Work instruction – Copy exactly, please, each line of the data below until the line that contains "Batushka shirt" has been copied, beginning at the top.

○ ○ ○ ○ ○ ○ ○

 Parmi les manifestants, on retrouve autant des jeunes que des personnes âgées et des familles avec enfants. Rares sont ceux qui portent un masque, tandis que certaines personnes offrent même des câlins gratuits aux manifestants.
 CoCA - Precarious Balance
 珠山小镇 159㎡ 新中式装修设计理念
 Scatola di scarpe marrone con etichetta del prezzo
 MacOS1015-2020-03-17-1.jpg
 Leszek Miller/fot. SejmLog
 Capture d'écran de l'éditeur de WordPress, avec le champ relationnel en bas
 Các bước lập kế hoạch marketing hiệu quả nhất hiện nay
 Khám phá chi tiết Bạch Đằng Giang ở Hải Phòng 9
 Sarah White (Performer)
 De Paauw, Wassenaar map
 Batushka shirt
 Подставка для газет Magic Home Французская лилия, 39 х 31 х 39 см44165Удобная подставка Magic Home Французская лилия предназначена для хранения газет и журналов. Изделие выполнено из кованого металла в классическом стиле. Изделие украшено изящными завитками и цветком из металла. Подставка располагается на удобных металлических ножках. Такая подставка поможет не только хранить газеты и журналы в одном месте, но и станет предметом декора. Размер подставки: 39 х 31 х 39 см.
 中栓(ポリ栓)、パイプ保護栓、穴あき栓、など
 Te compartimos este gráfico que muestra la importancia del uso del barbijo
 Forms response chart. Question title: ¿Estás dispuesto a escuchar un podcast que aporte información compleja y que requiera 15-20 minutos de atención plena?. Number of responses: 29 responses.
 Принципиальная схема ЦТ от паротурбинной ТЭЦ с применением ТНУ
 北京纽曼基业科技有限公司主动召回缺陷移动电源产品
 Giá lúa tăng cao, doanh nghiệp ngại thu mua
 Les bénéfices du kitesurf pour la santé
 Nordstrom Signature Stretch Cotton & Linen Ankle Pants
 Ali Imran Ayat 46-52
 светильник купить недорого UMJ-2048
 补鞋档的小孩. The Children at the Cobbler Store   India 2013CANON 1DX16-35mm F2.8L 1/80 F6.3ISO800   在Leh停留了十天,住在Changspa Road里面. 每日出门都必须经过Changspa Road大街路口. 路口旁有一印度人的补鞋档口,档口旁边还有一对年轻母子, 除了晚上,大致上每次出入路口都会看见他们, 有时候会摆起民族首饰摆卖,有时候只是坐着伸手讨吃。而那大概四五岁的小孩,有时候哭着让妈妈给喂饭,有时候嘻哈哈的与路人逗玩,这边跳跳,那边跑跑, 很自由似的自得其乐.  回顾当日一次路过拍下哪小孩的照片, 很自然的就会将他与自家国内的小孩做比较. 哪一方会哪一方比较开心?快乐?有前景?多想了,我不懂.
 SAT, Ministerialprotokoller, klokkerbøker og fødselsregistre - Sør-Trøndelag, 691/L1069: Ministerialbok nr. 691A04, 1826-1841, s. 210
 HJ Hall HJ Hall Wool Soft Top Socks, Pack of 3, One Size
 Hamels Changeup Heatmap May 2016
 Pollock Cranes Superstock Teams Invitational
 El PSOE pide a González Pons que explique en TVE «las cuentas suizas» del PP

○ ○ ○ ○ ○ ○ ○

Answer to this task –
 Parmi les manifestants, on retrouve autant des jeunes que des personnes âgées et des familles avec enfants. Rares sont ceux qui portent un masque, tandis que certaines personnes offrent même des câlins gratuits aux manifestants.
 CoCA - Precarious Balance
 珠山小镇 159㎡ 新中式装修设计理念
 Scatola di scarpe marrone con etichetta del prezzo
 MacOS1015-2020-03-17-1.jpg
 Leszek Miller/fot. SejmLog
 Capture d'écran de l'éditeur de WordPress, avec le champ relationnel en bas
 Các bước lập kế hoạch marketing hiệu quả nhất hiện nay
 Khám phá chi tiết Bạch Đằng Giang ở Hải Phòng 9
 Sarah White (Performer)
 De Paauw, Wassenaar map
 Batushka shirt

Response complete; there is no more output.